Mariam Hovhannisyan photoAccording to Oxford English Dictionary poetry is “The art or work of poet”. Another depiction of it is given by John Ruskin in his “Lectures on Art” (1870), “What is poetry? The suggestion, by the imagination, of noble grounds for the noble emotions”. According to T. S. Eliot “Poetry is not a turning loose of emotion, but an escape from emotion; it is not the expression of personality, but an escape from personality”Percy Bysshe Shelly describes poetry as the eternal truth. “A poem is the very image of life expressed in its eternal truth”. And at last according to Robert Frost “The figure a poem makes: it begins in delight and ends in wisdom”. This must know any translator so as to acknowledge the real virtue of the work he deals with. Translation is very often referred to be as an art. So the task of a translator is to make an art from art keeping the aesthetic value of the work. Robert Frost once described poetry as “what gets lost in translation”. He meant, of course, that it is impossible to carry over from one language into another the special qualities of a poem-its sound and rhythm, its meter syntax and connotations. Some critics have felt that in translating poems “translators betray them, inevitably turning the translation into something which at best may approximate, but which invariably distorts, the original”[1]. This point of view, however, has not prevented translators from continuing their difficult, but important work. 

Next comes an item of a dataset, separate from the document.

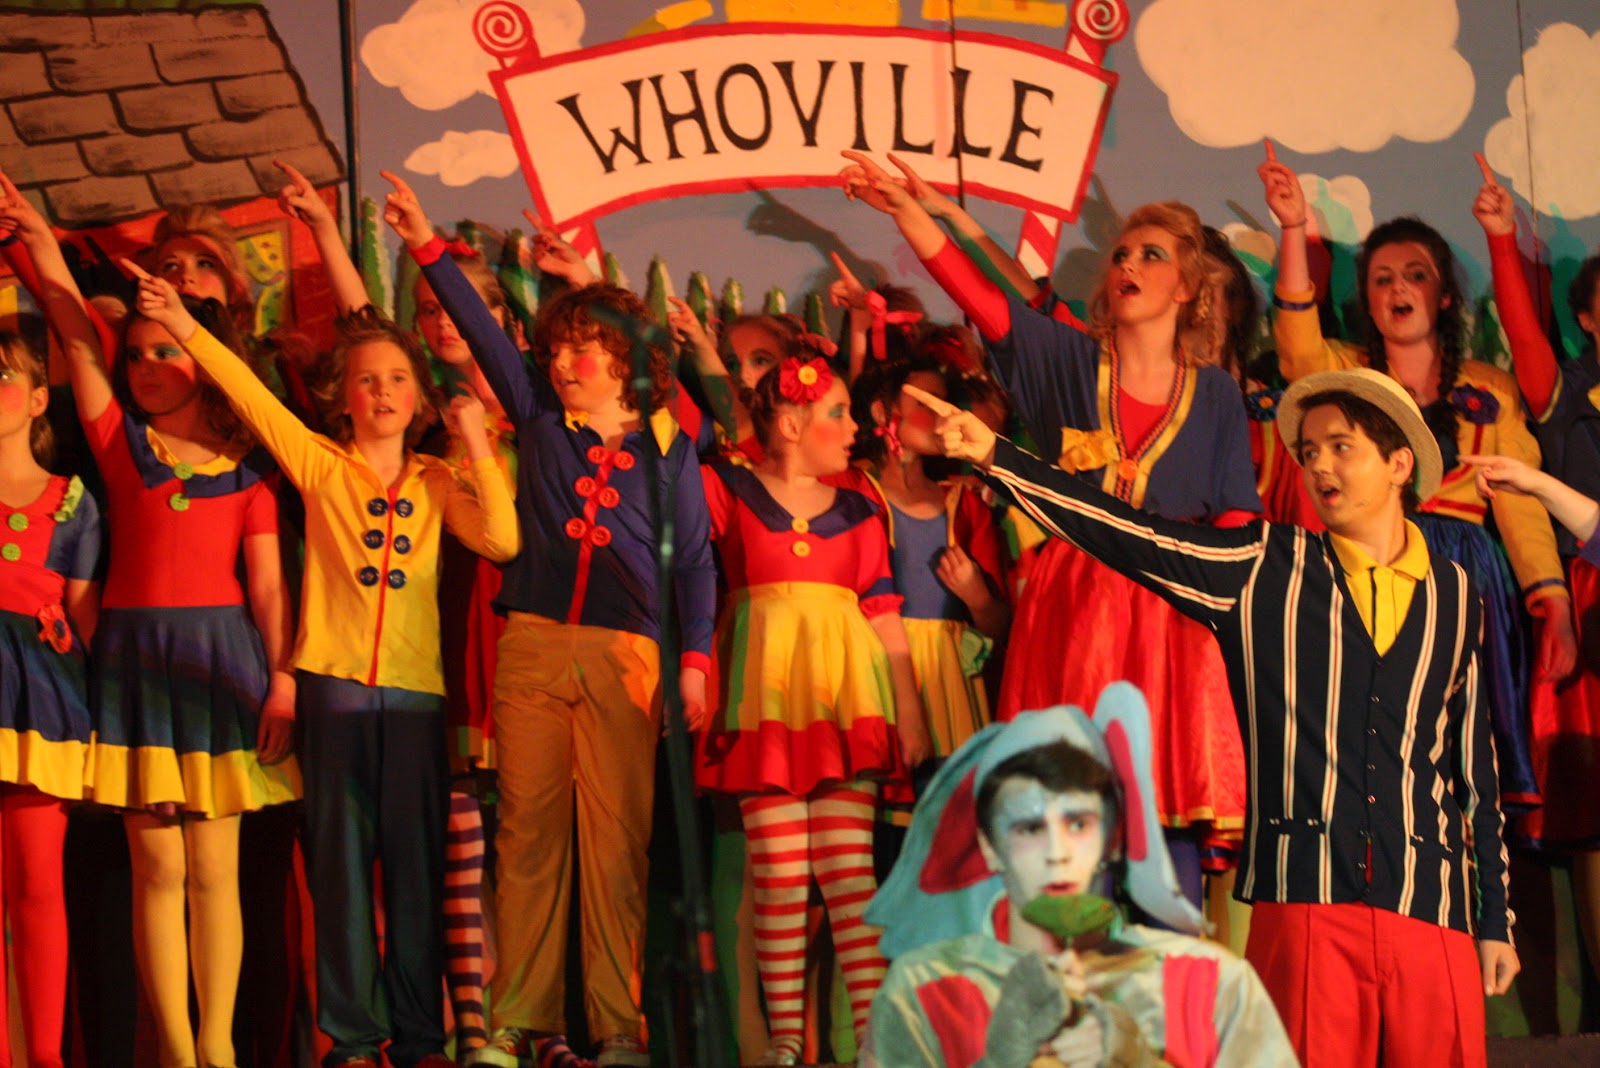 Whoville Costumes

Translation of poetry is one of the most difficult and challenging tasks for every translator. Returning to Robert Frost’s definition, according to which “Poetry is what gets lost in translation”, we can say, that this statement could be considered as a truthful one to a certain extent because there is no one-to-one equivalent when comparing two languages. Even if the translators possess a profound knowledge in the source language they would not be able to create a replica of the original text.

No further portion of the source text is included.